▸ **Exercise brief**:
Say how many lines in the entries hold the string "force", giving the number by itself.

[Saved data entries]
>>>
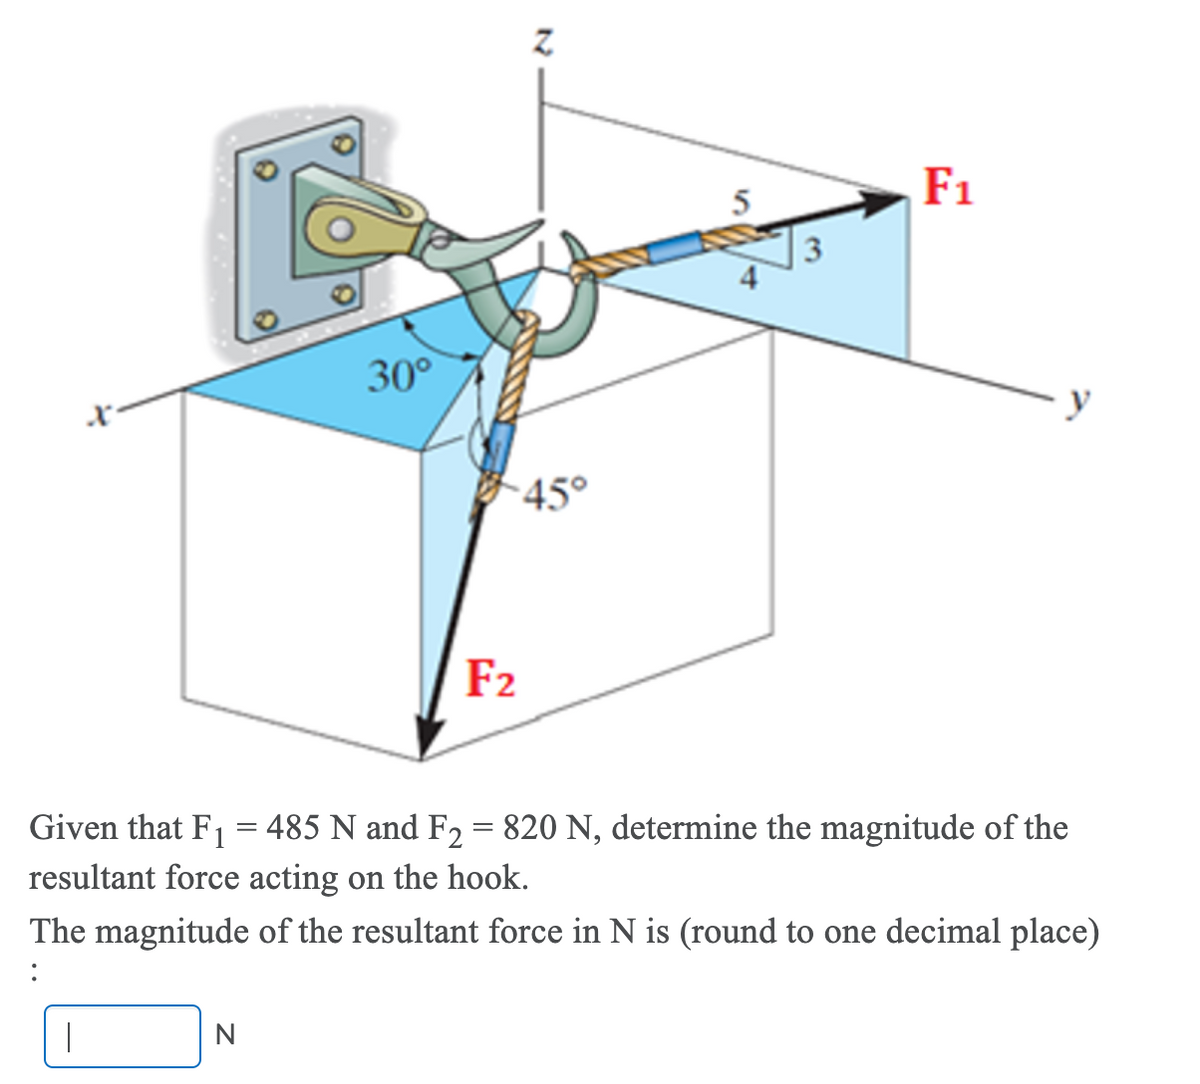 F1
3
30°
45°
F2
Given that F1 = 485 N and F2 = 820 N, determine the magnitude of the
resultant force acting on the hook.
The magnitude of the resultant force in N is (round to one decimal place)
N
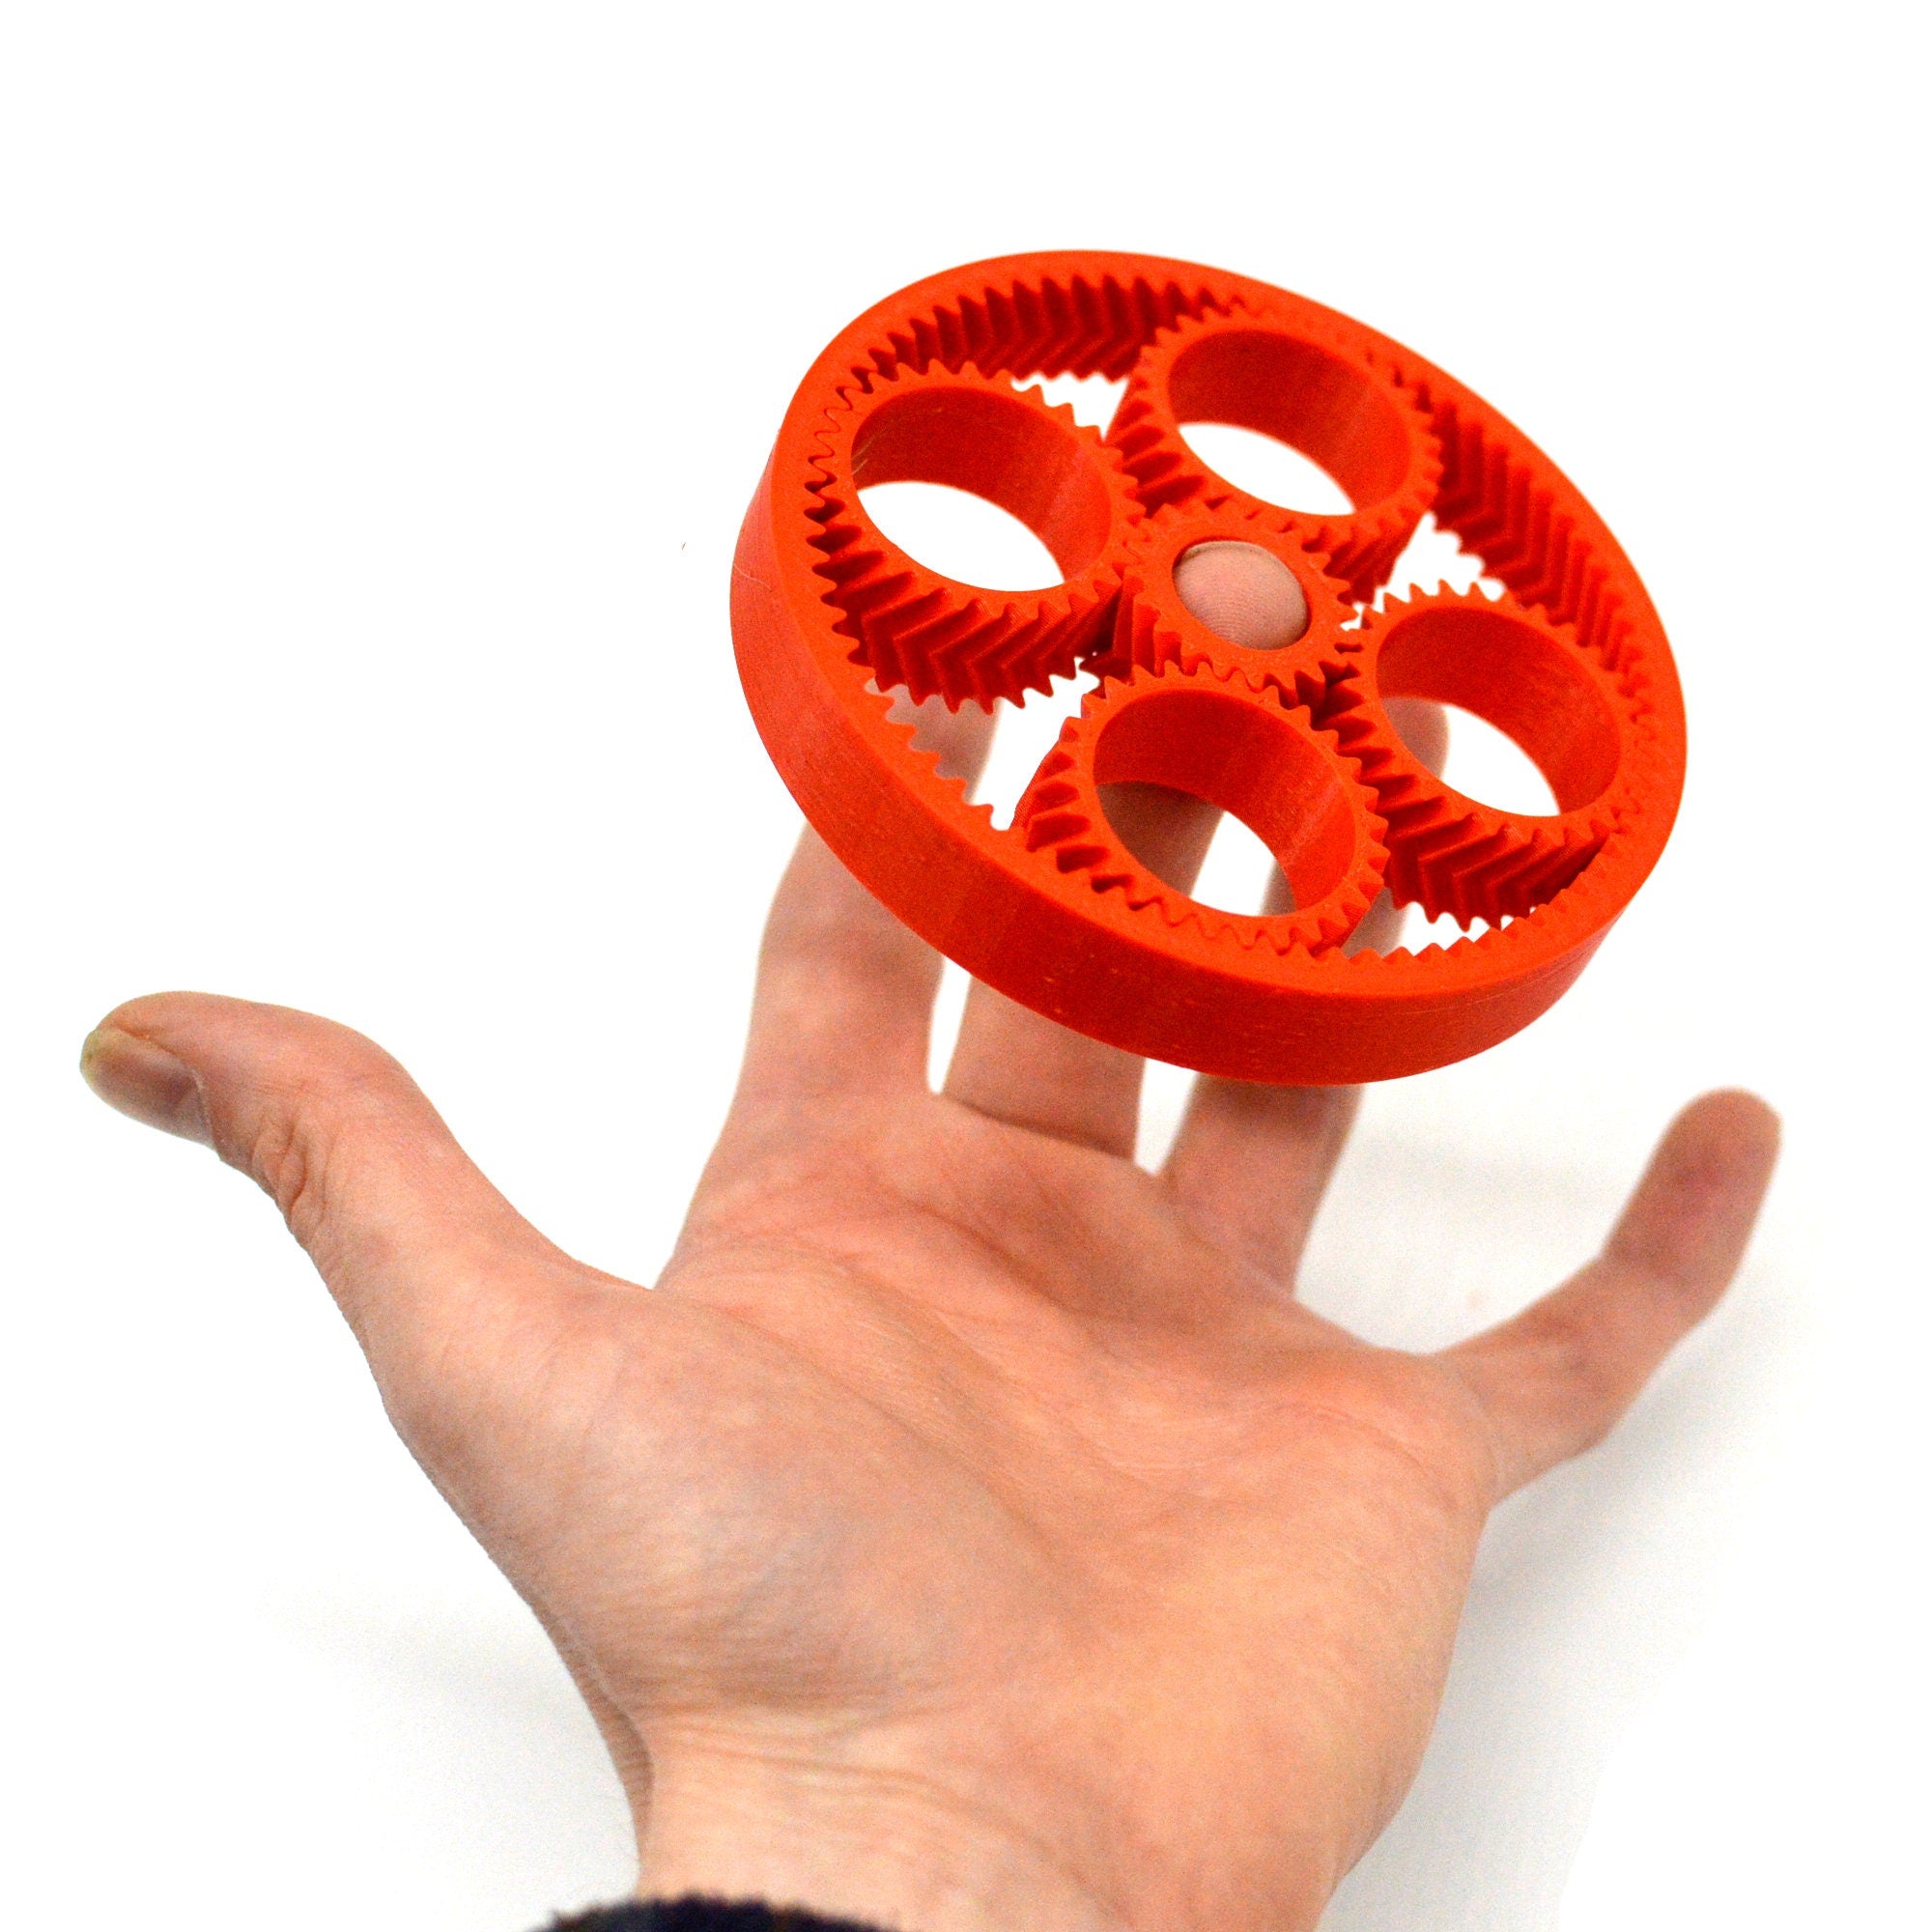 Fidget Spinner Gear Toy - 3D Printed Fun Toy for Kids and Adults
<<<
▸ **Result of the exercise**:
2